**DATASET SECTION:**
○ ○ ○

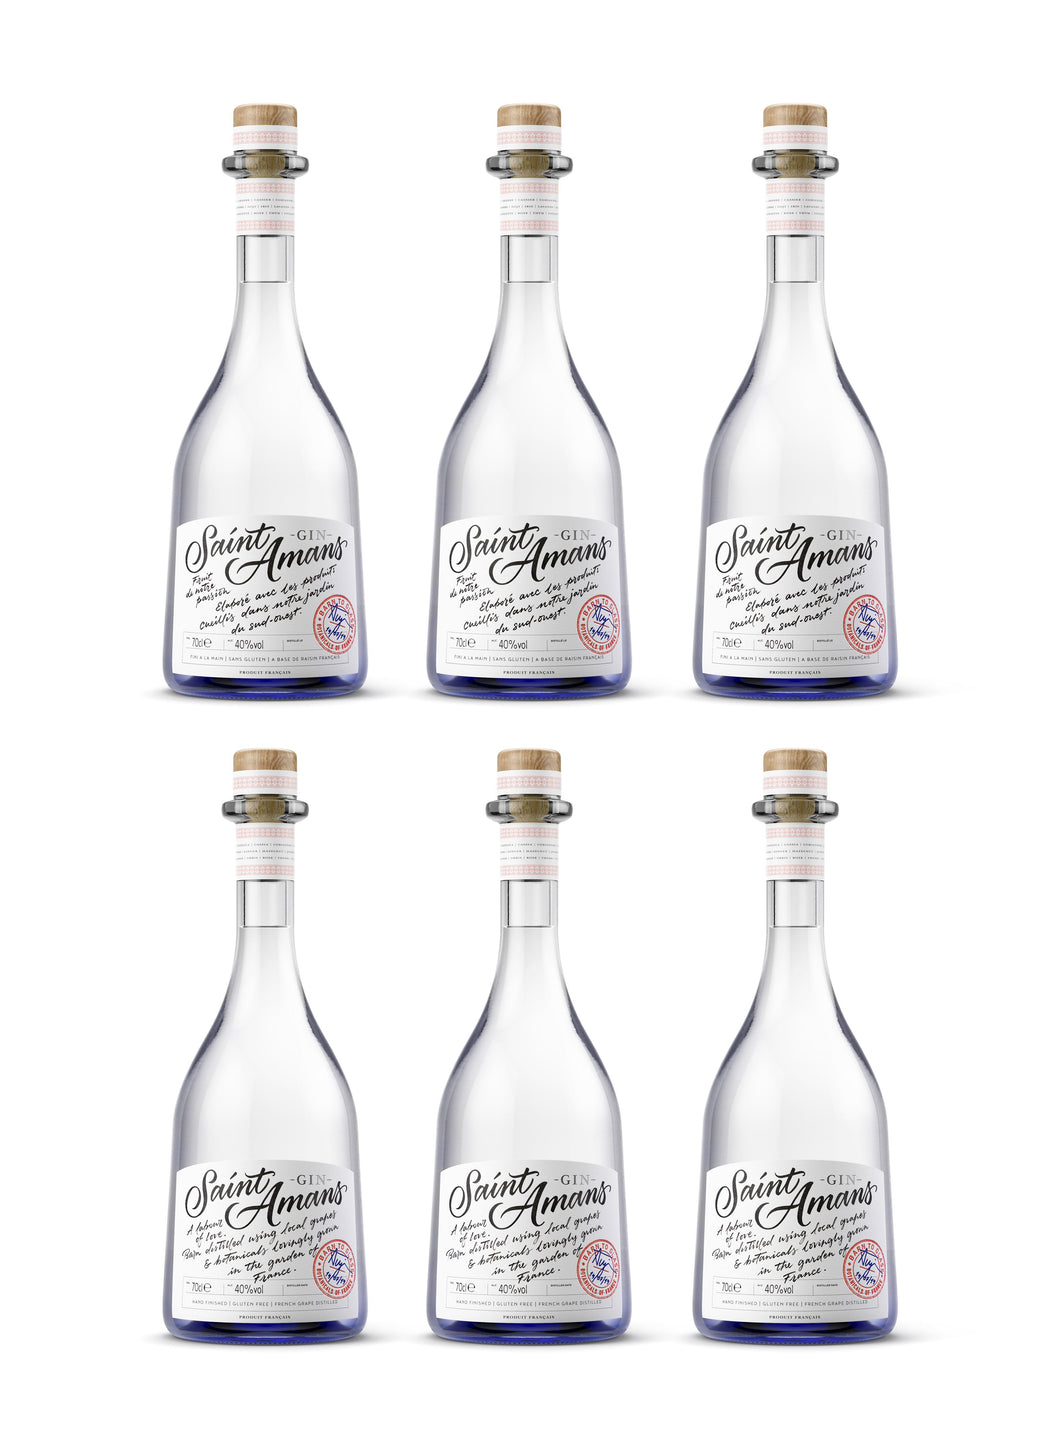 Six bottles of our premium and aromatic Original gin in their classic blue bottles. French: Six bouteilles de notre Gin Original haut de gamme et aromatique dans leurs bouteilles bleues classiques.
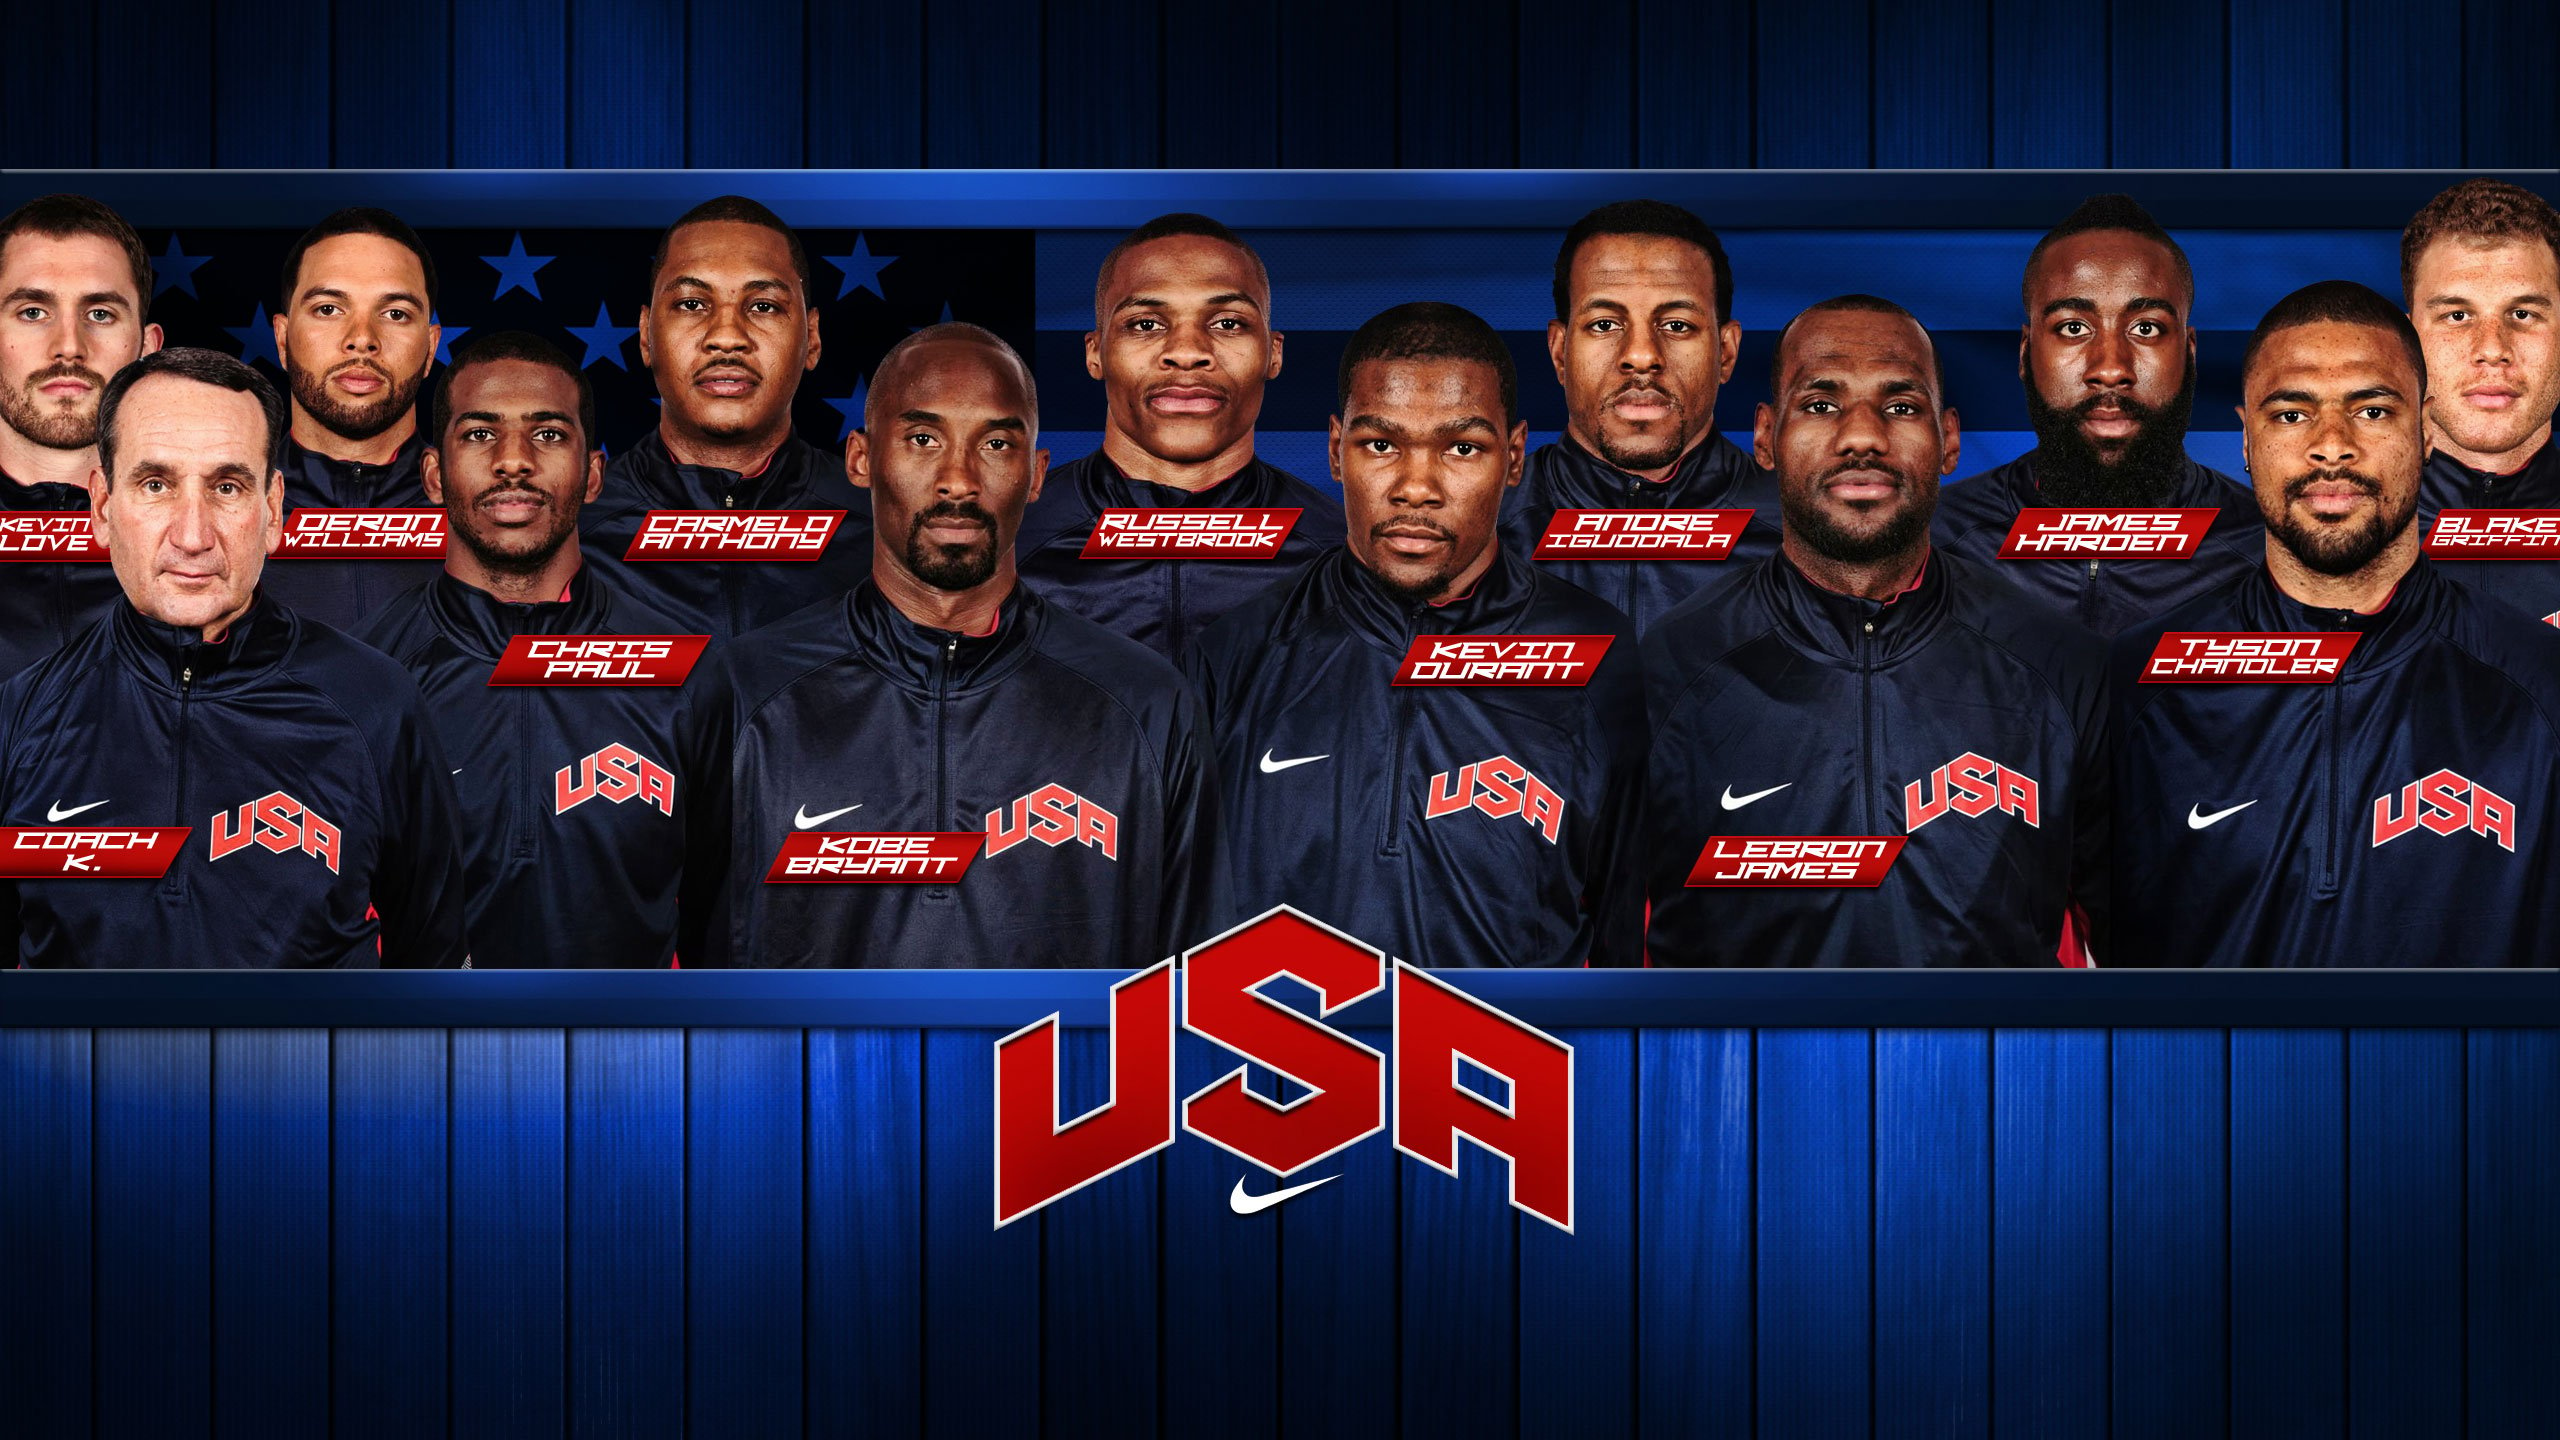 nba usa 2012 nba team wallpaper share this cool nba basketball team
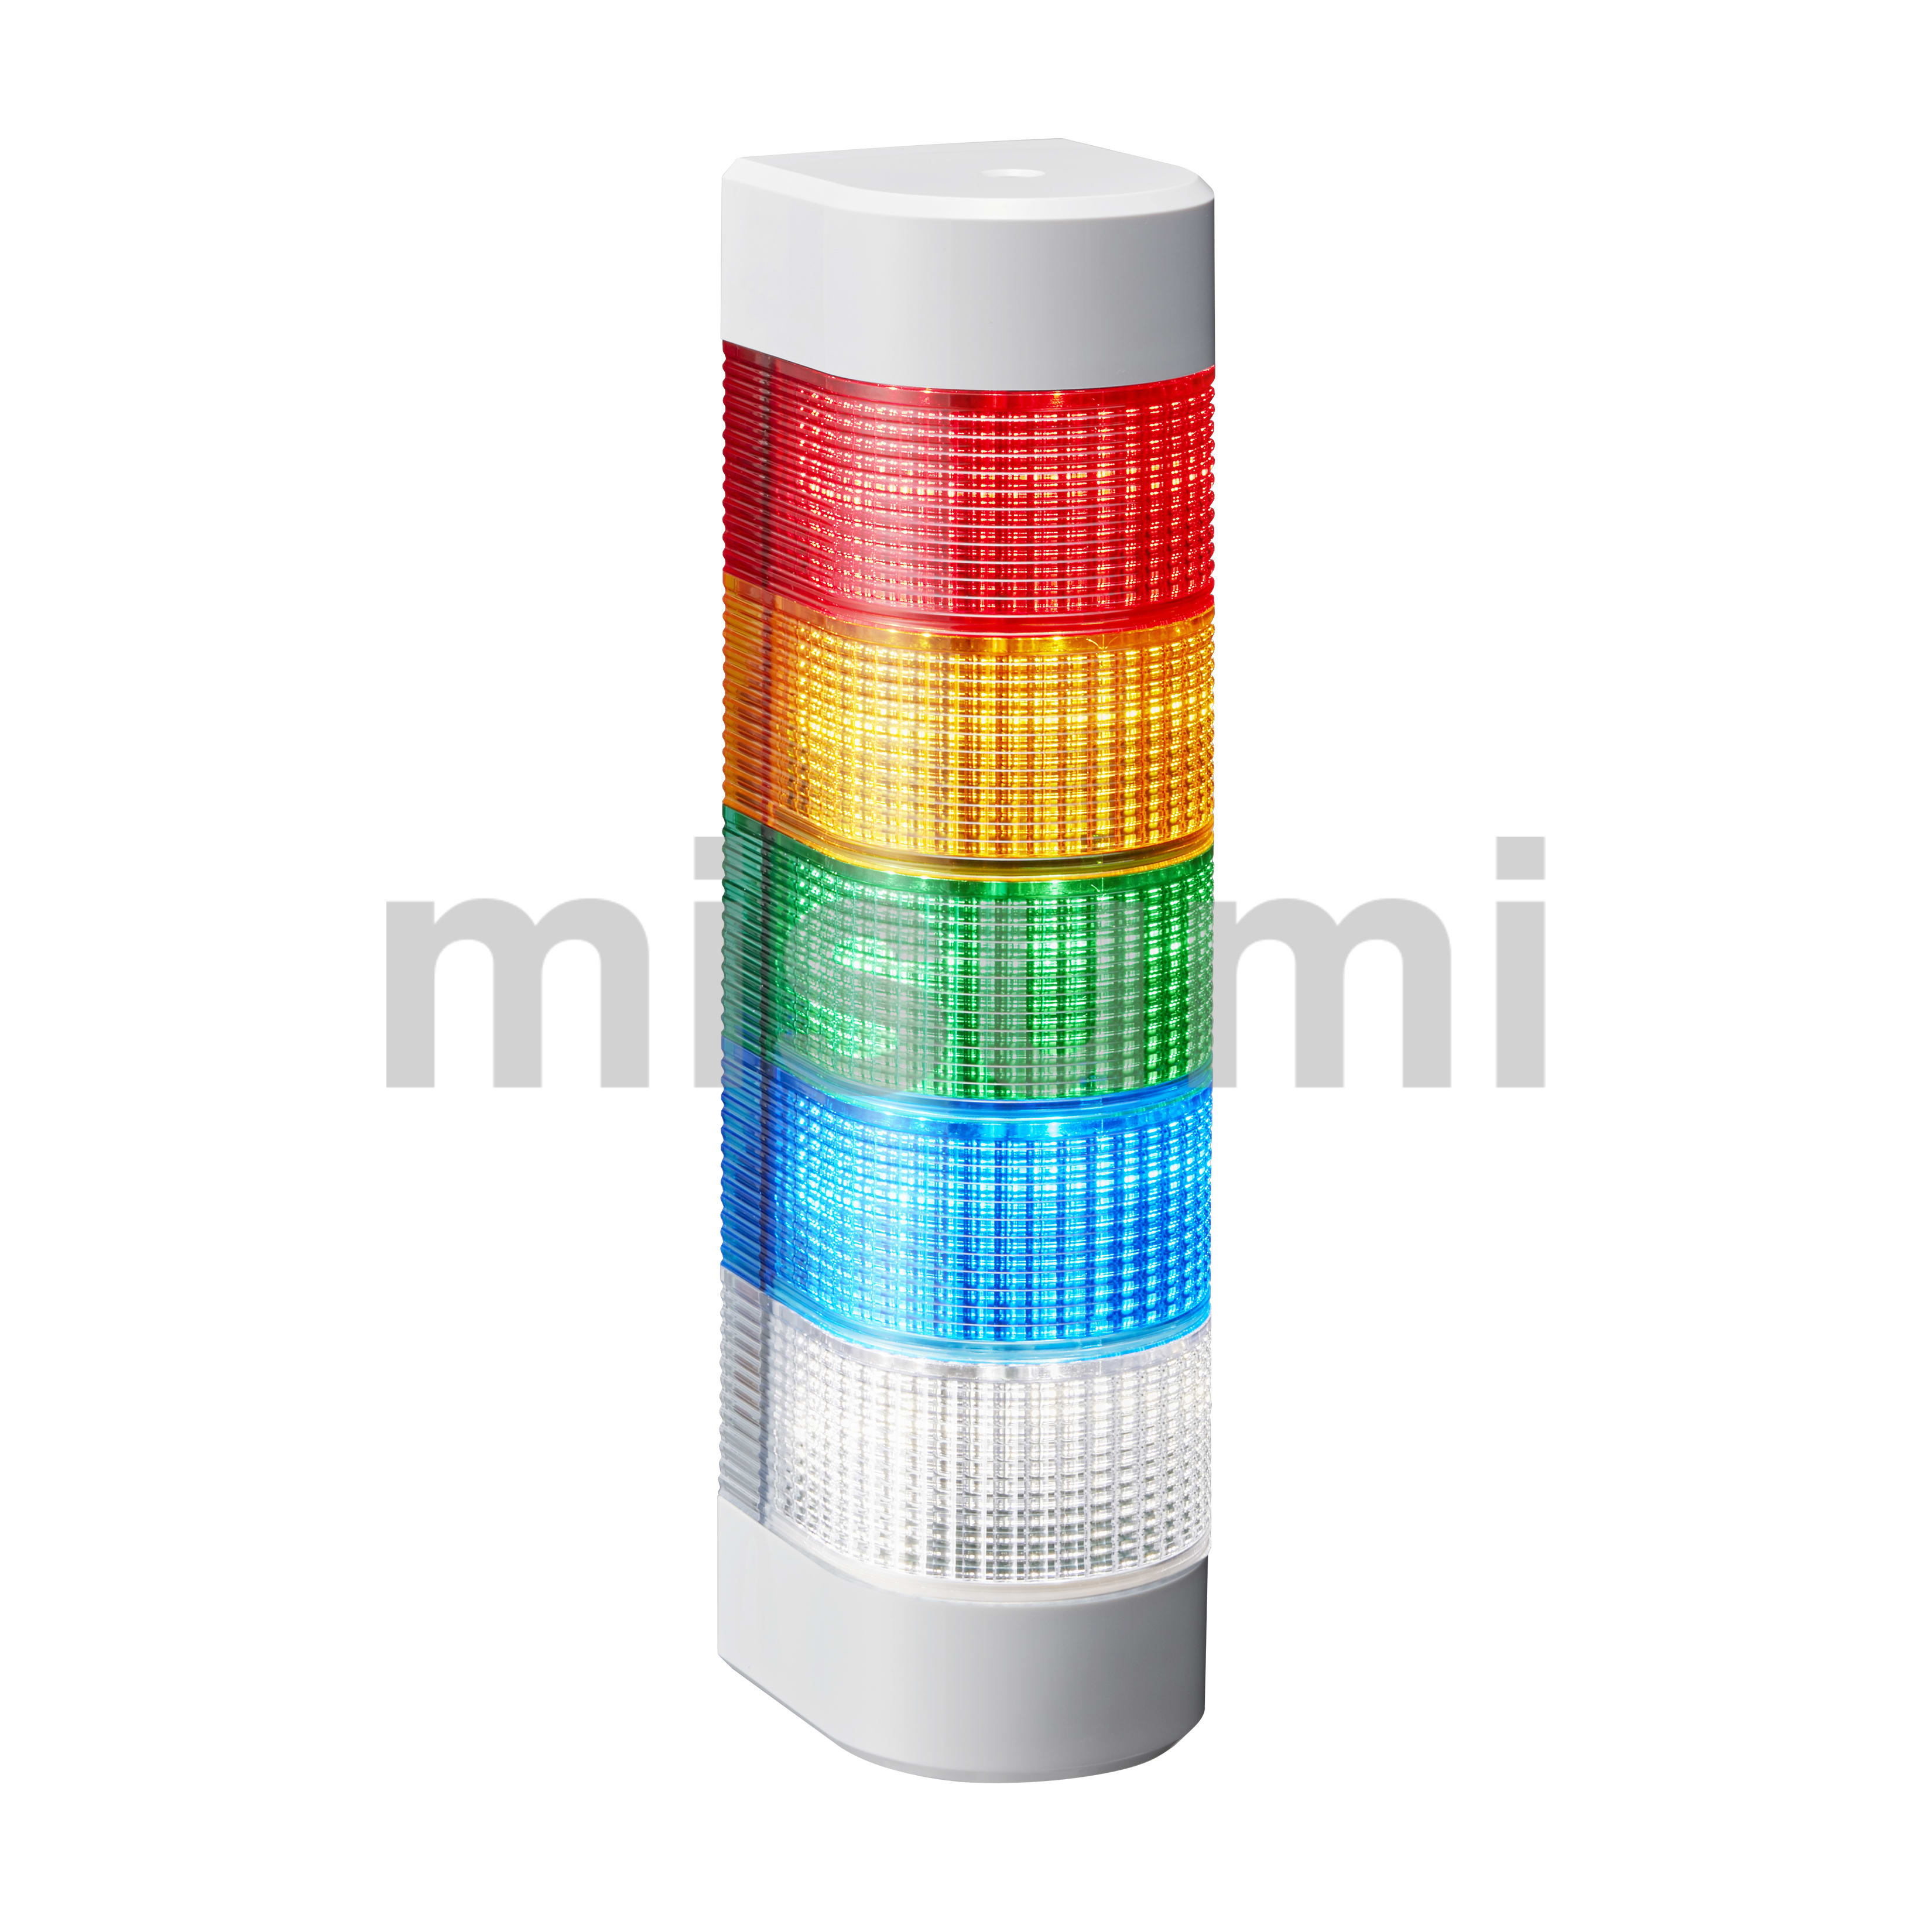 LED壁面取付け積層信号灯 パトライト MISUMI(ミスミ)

○ ○ ○

**PROBLEM TO SOLVE:**
Output the complete listing exactly. Pictures stay out.

**SOLVED PROBLEM:**
 Six bottles of our premium and aromatic Original gin in their classic blue bottles. French: Six bouteilles de notre Gin Original haut de gamme et aromatique dans leurs bouteilles bleues classiques.
 nba usa 2012 nba team wallpaper share this cool nba basketball team
 LED壁面取付け積層信号灯 パトライト MISUMI(ミスミ)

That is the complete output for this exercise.